• [DATA BLOCK]:
◆ ◆ ◆ ◆ ◆ ◆ ◆

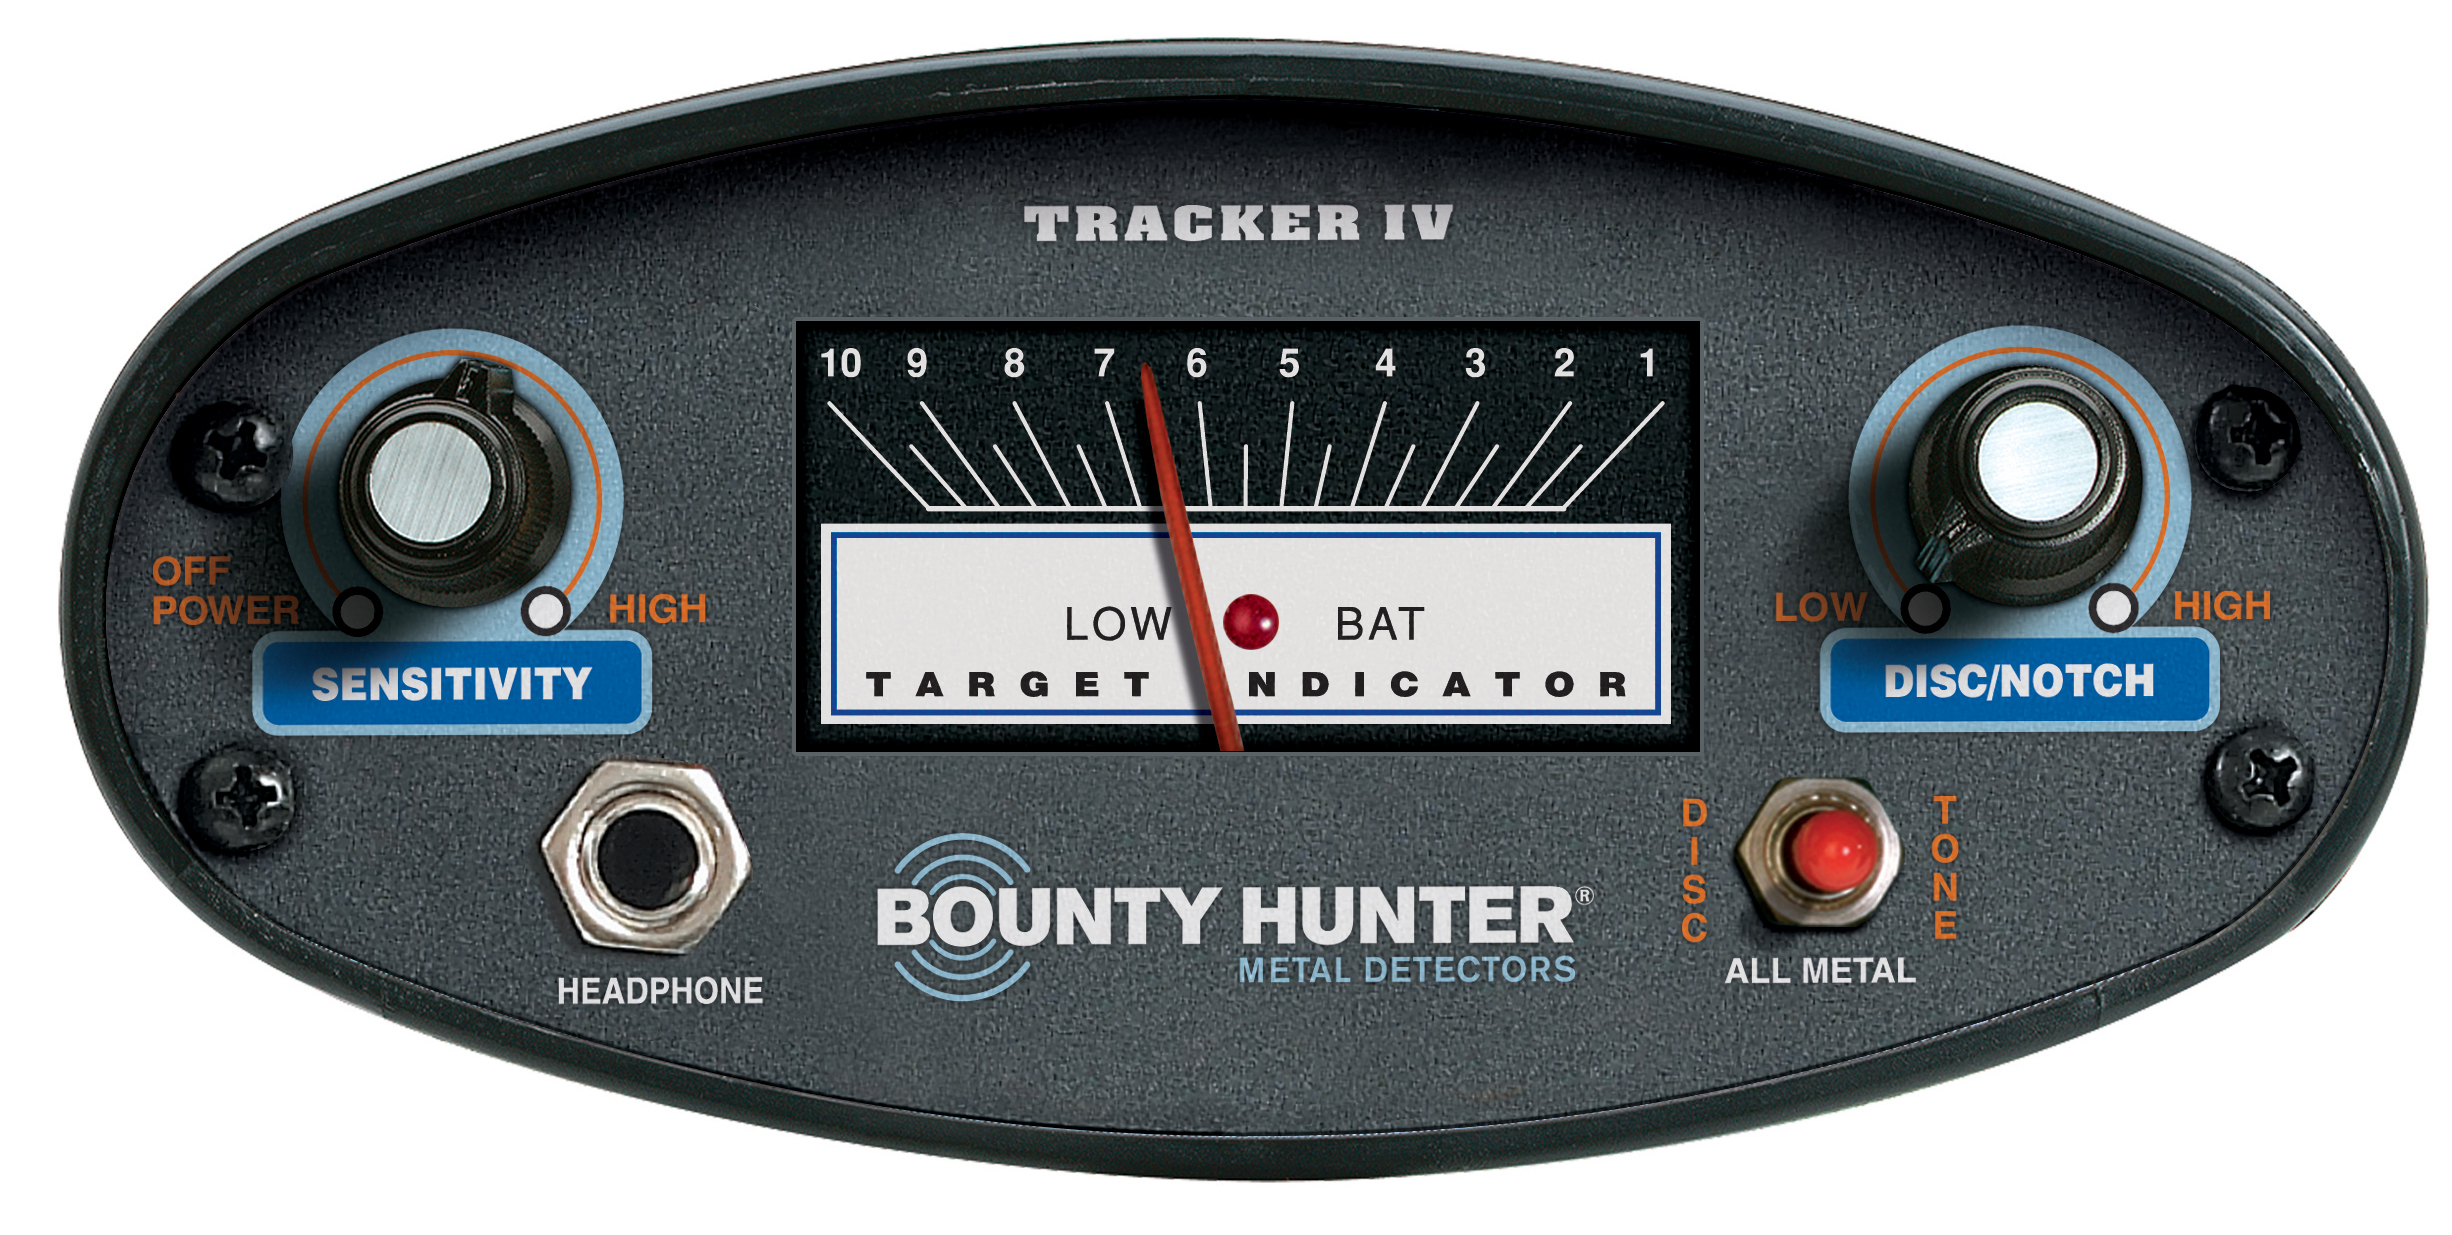 BOUNTY HUNTER Tracker IV Détecteur de métaux
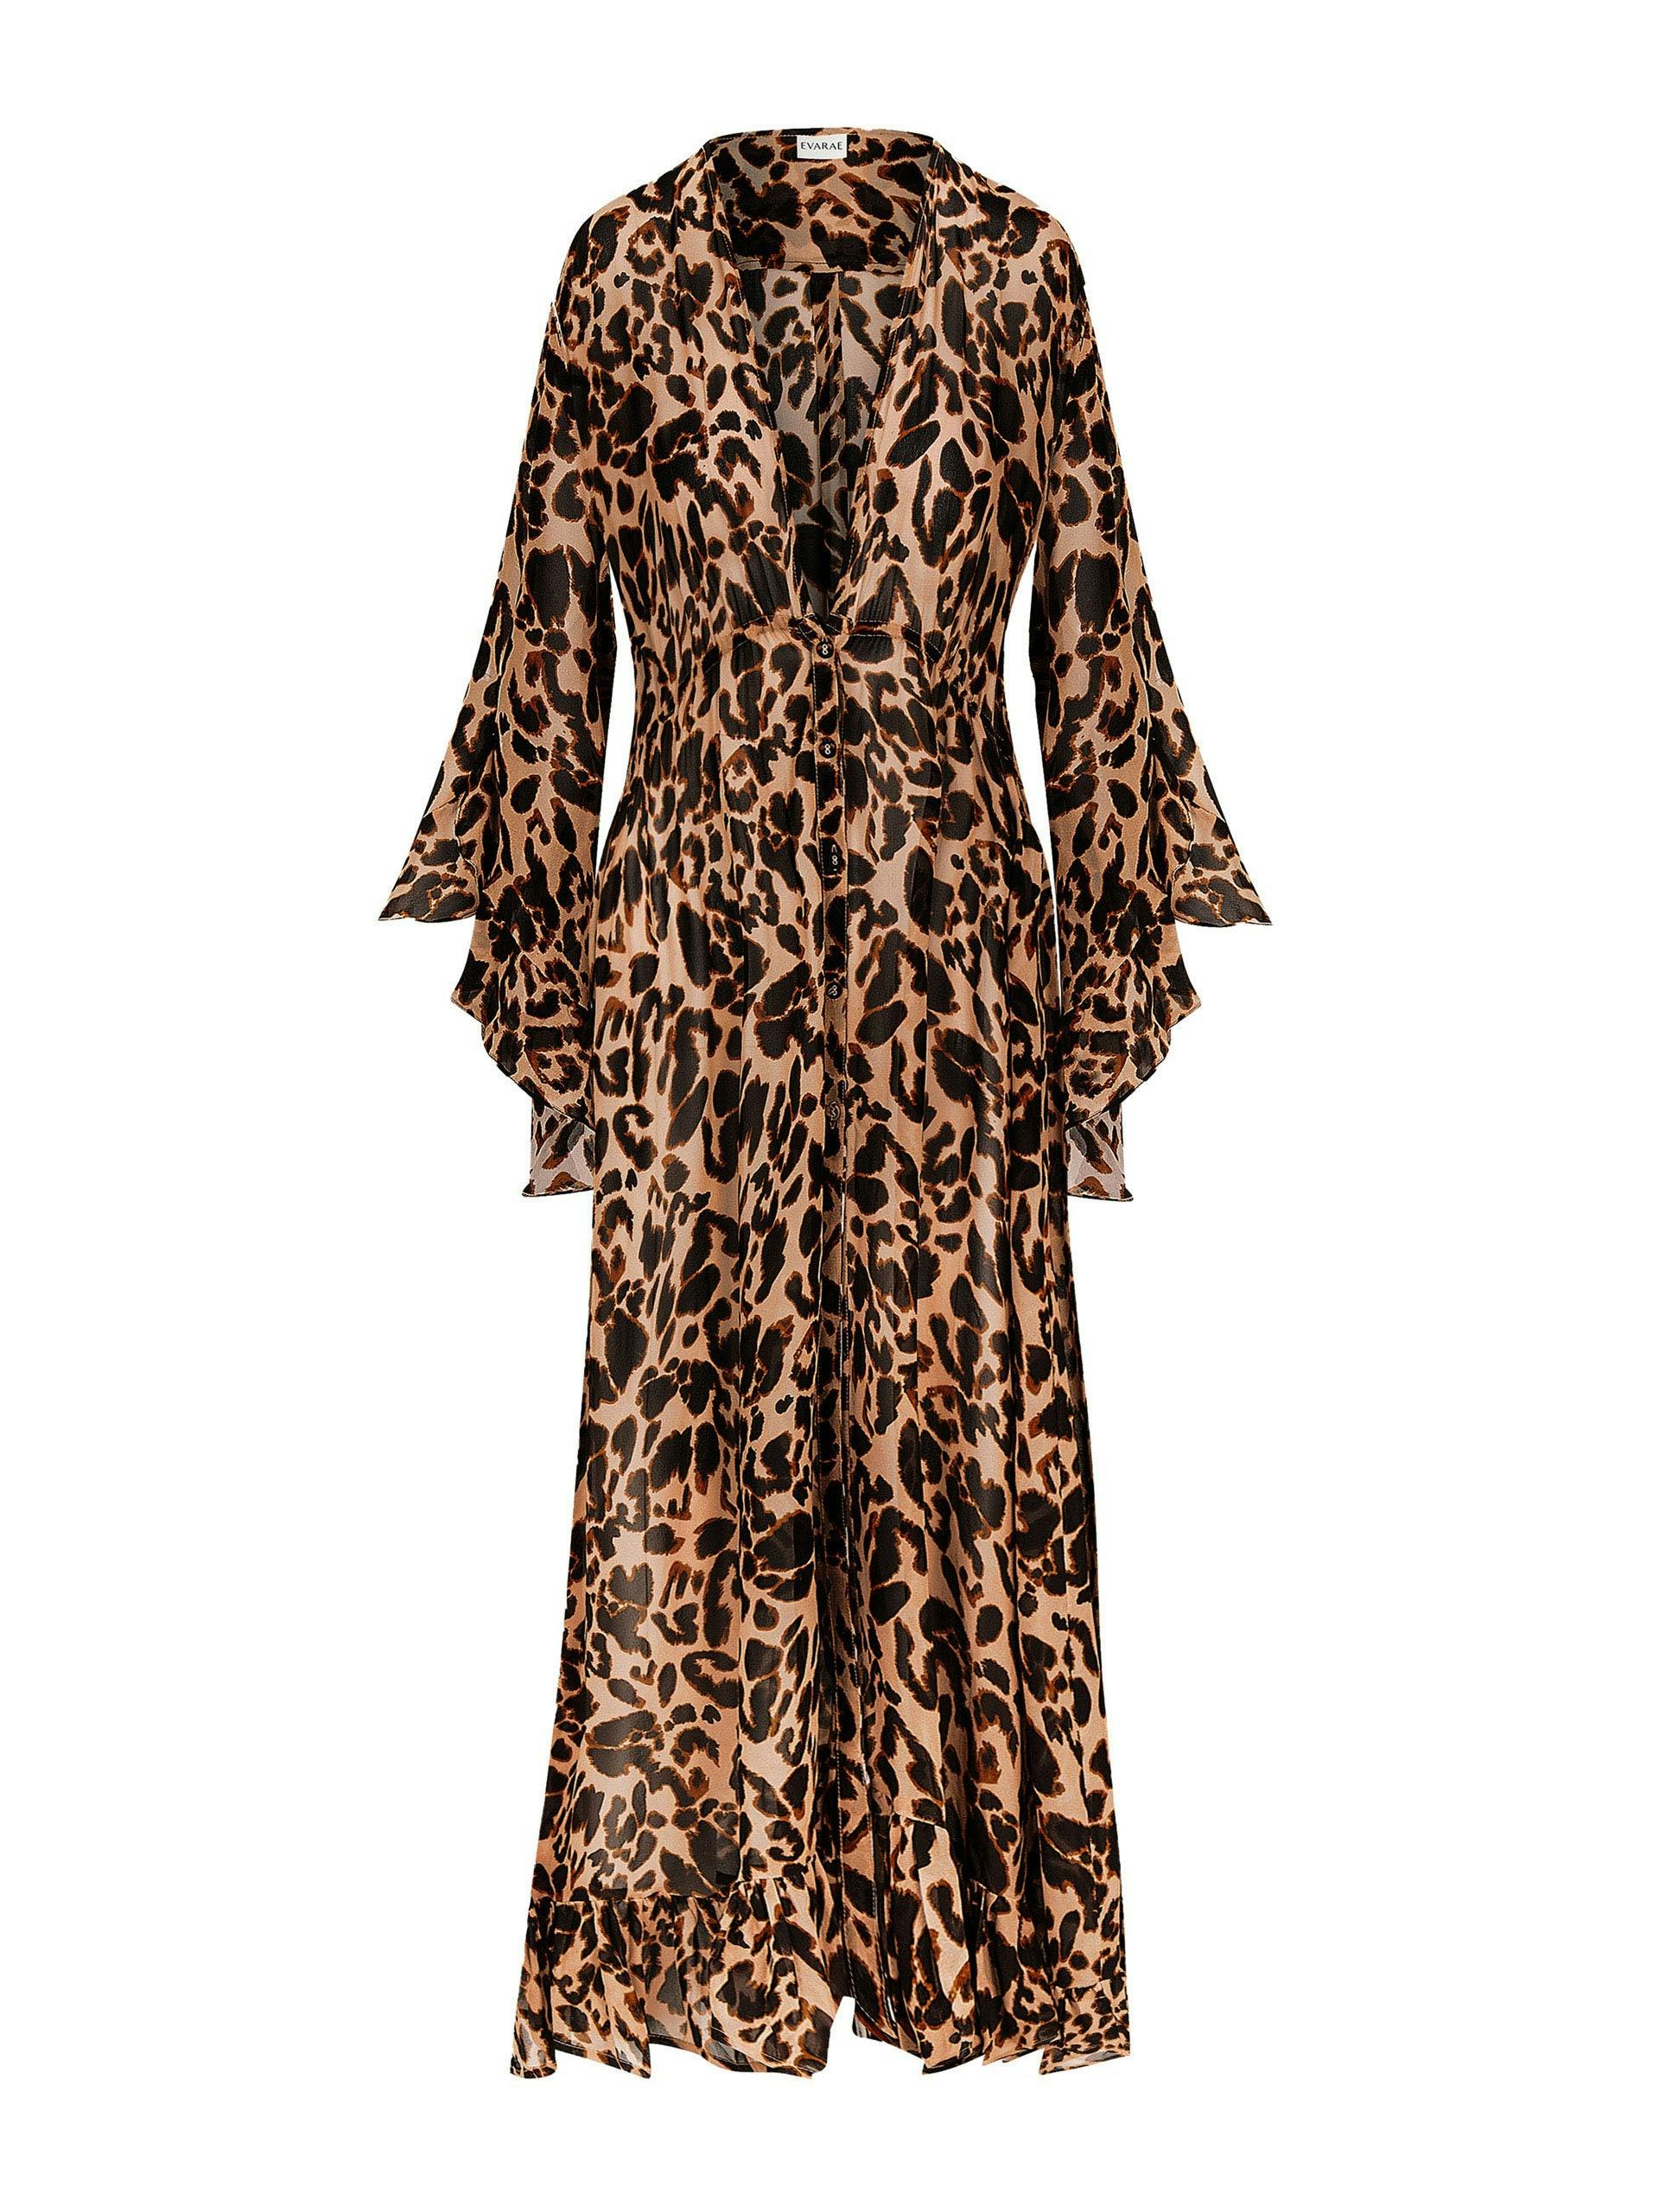 Leopard print Arna kaftan dress
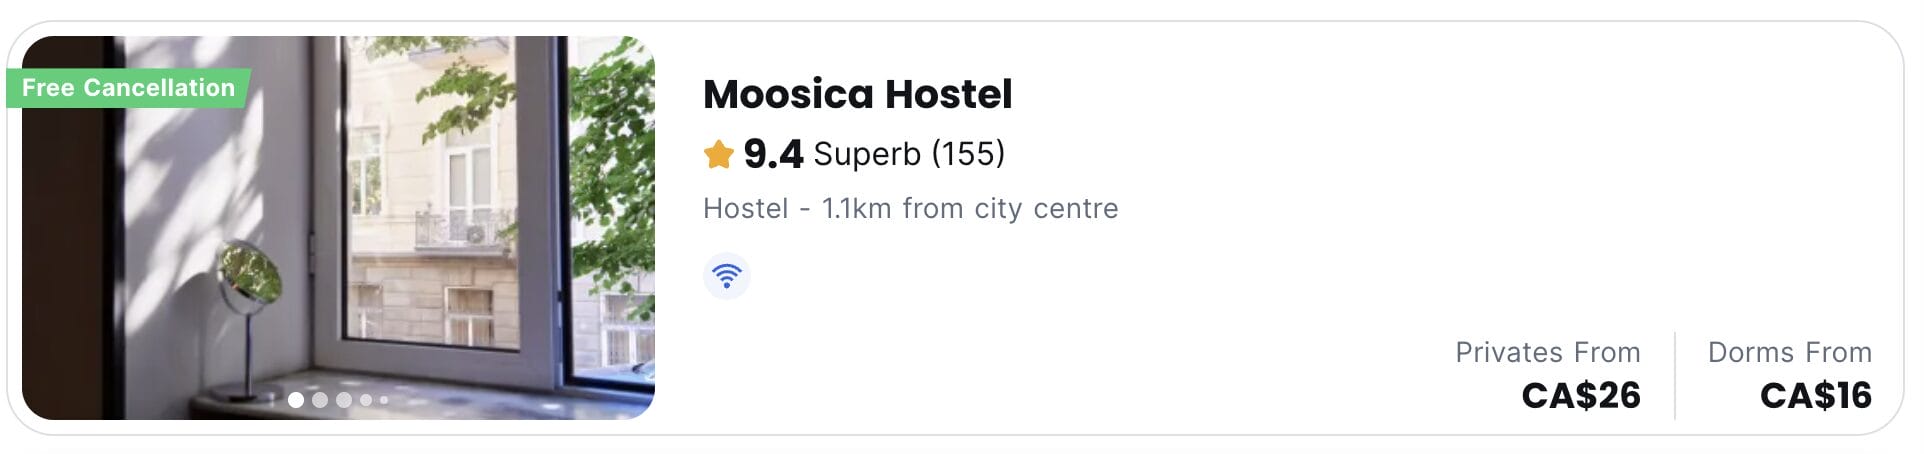 pays-pas-chers-2024-tbilissi-hostel

◆ ◆ ◆ ◆ ◆ ◆ ◆

• [DIRECTIONS]: Retype the data above exactly. Do not carry over any images.

• [RESPONSE TO THE TASK]:
 BOUNTY HUNTER Tracker IV Détecteur de métaux
 Leopard print Arna kaftan dress
 pays-pas-chers-2024-tbilissi-hostel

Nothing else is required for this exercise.